___ SUPPLIED MATERIAL

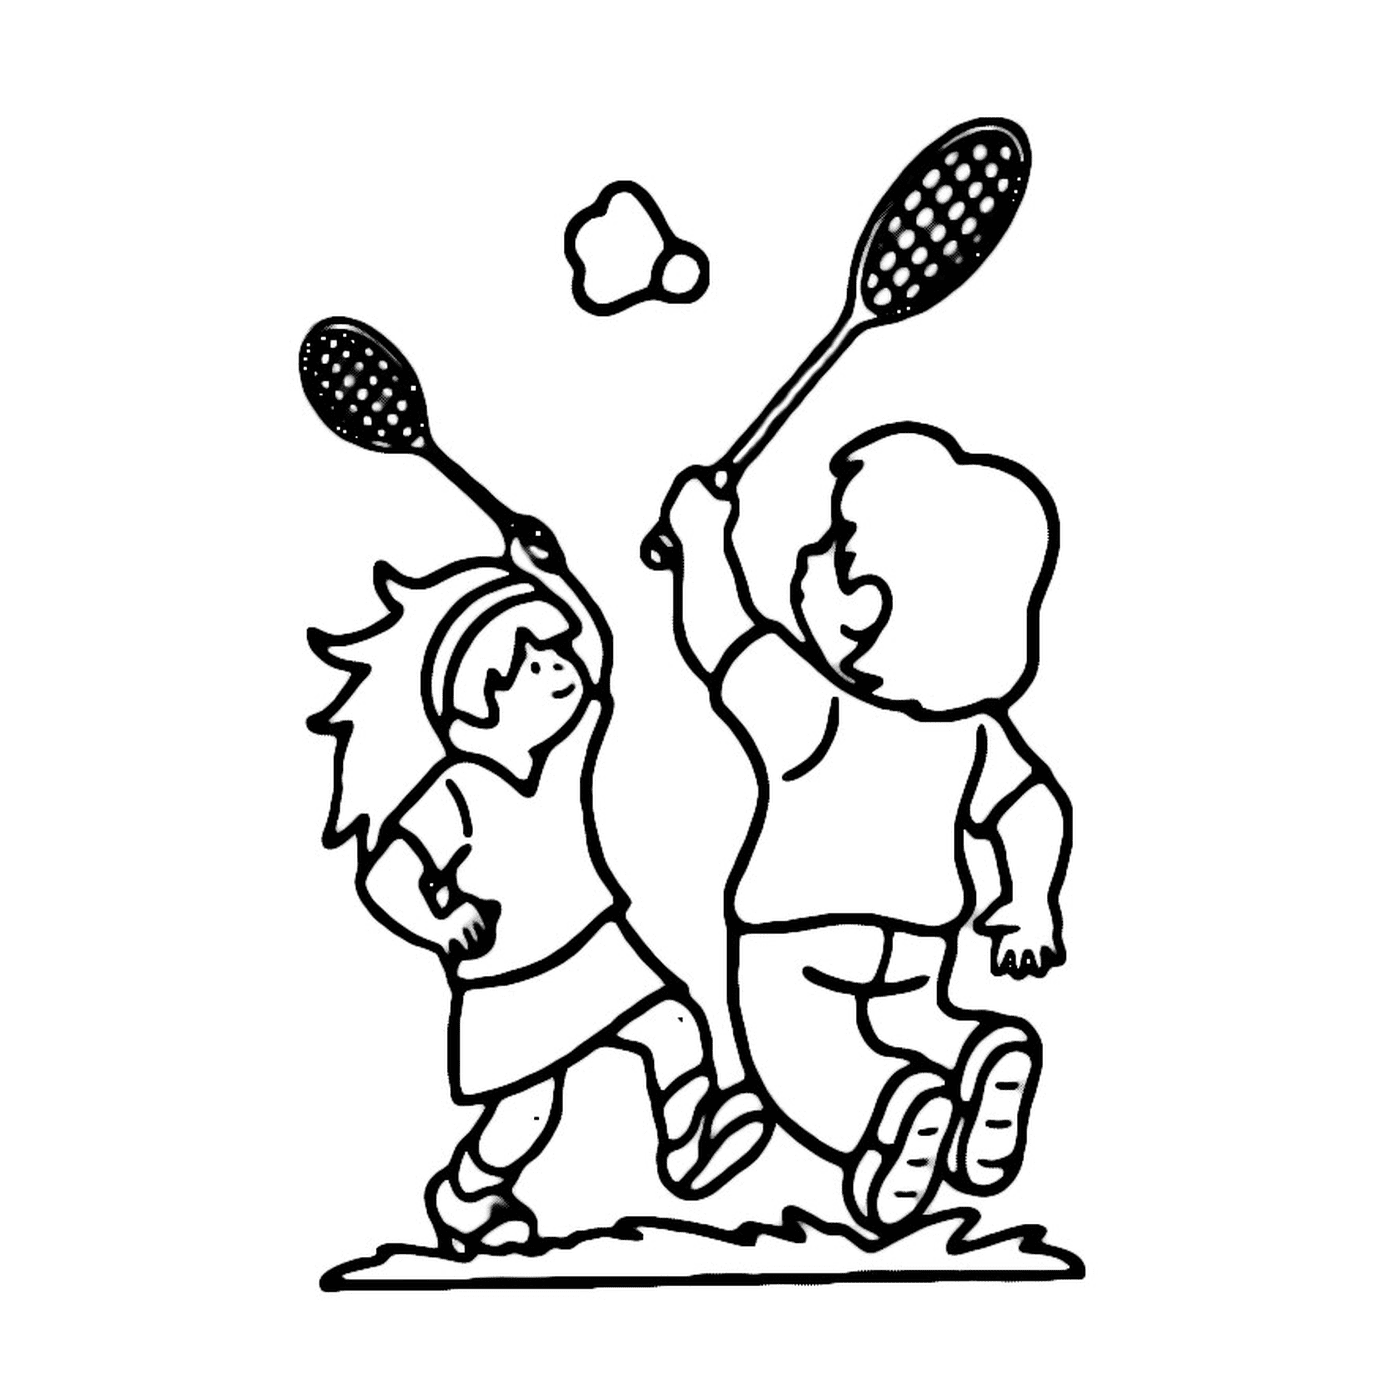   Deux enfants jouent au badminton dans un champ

______
___ SUPPLIED MATERIAL

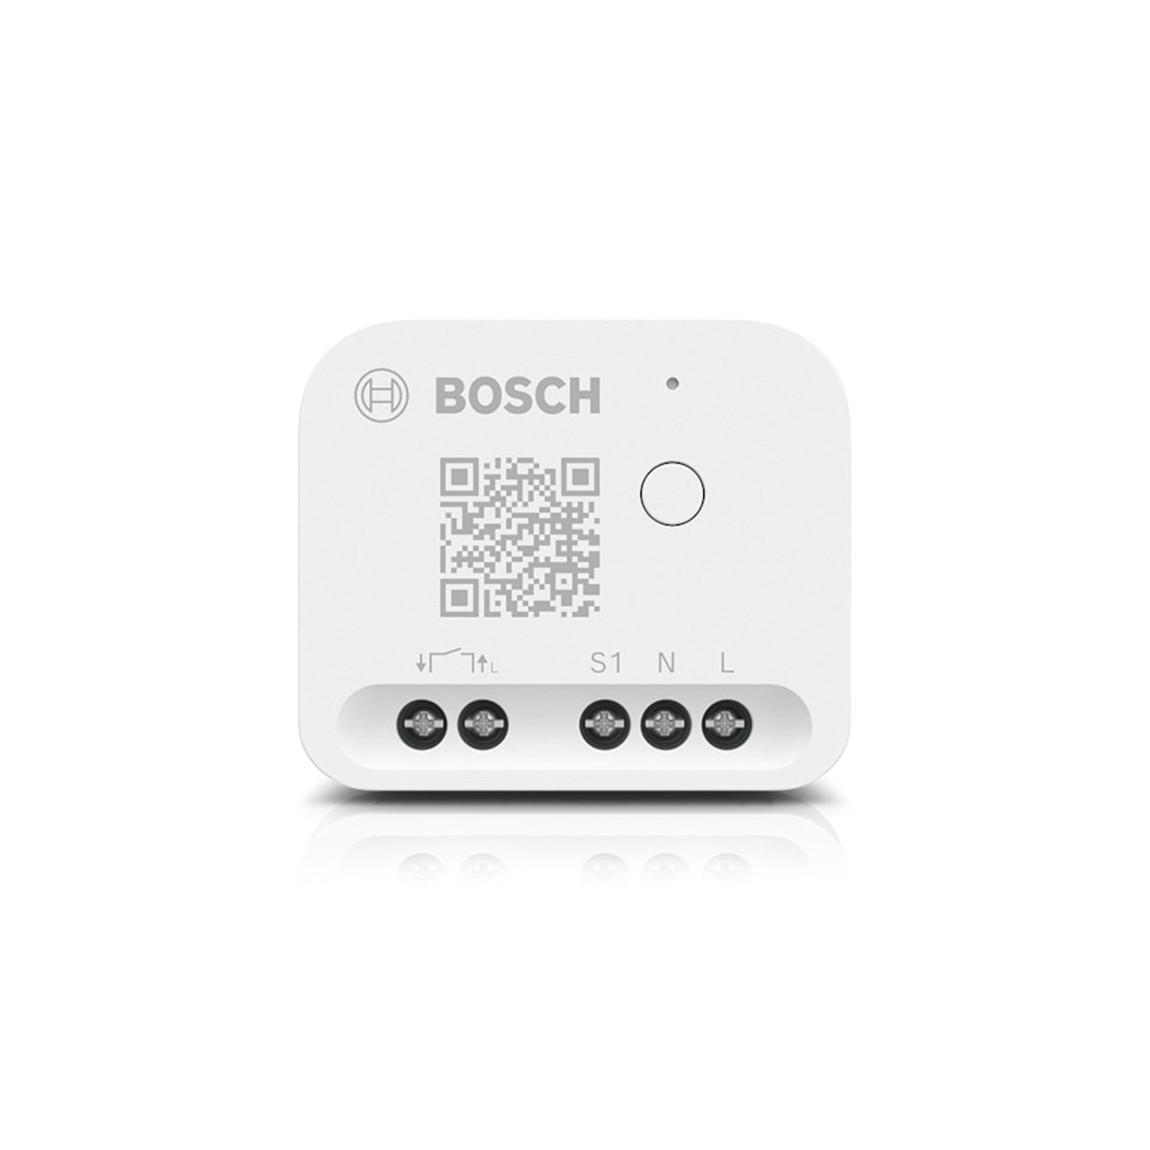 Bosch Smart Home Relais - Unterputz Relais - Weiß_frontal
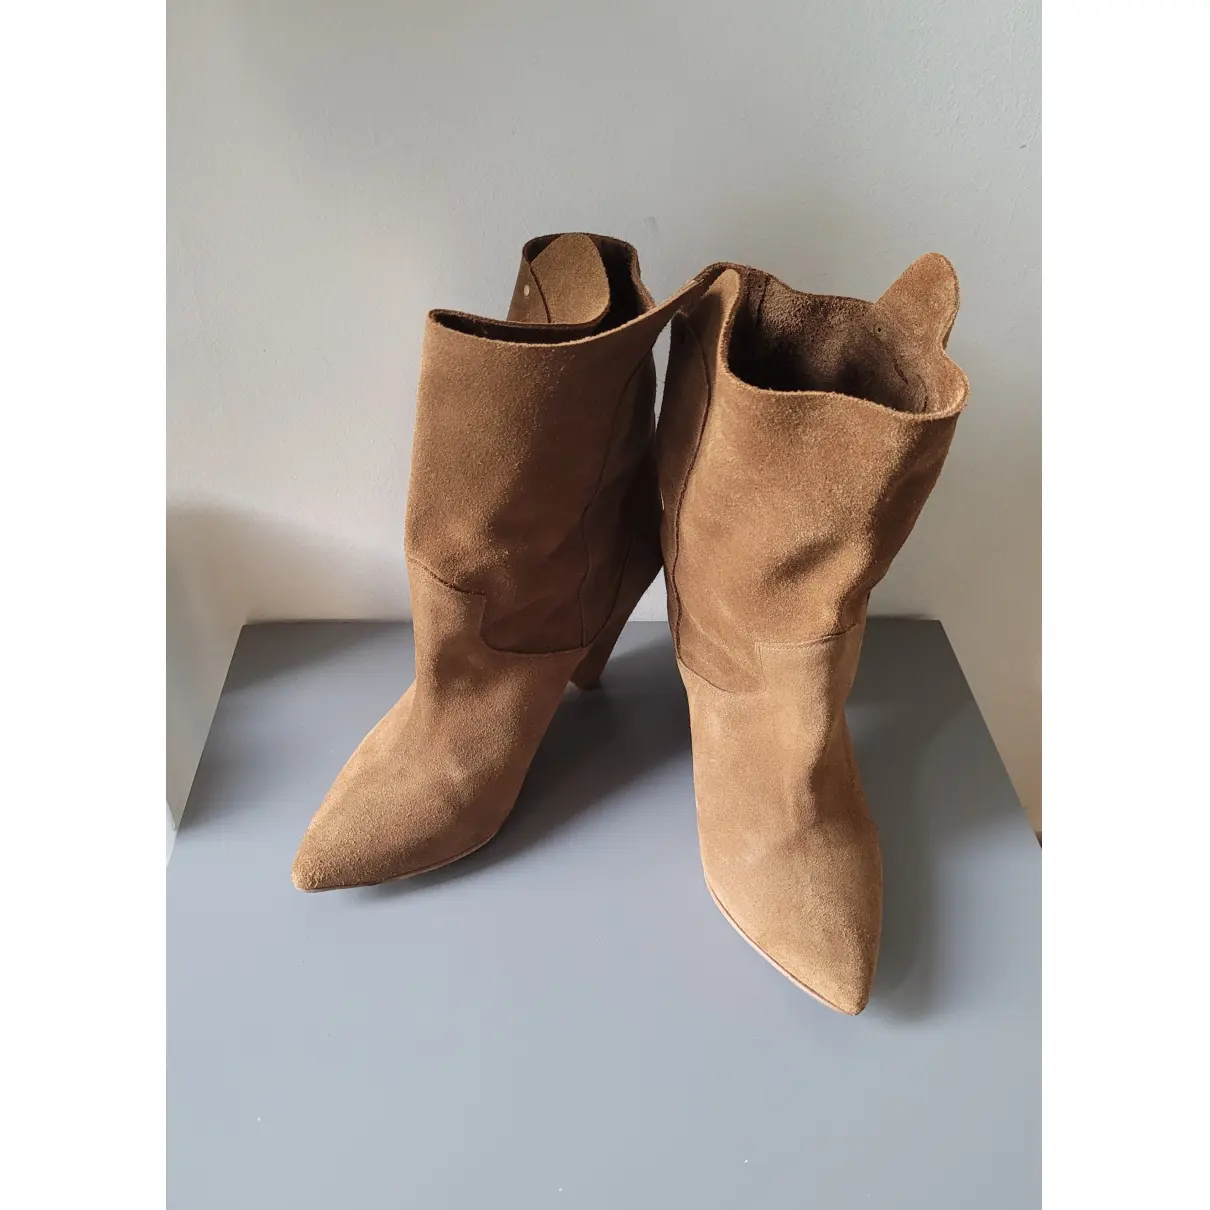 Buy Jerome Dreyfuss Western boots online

______

EXERCISE INSTRUCTIONS: In the listing above, find the line with "Bosch Smart Home" and output it and every line after it up to and including the line with "Buy Jerome Dreyfuss Western boots online", exactly, minus the pictures.

PROBLEM SOLUTION:
 Bosch Smart Home Relais - Unterputz Relais - Weiß_frontal
 Buy Jerome Dreyfuss Western boots online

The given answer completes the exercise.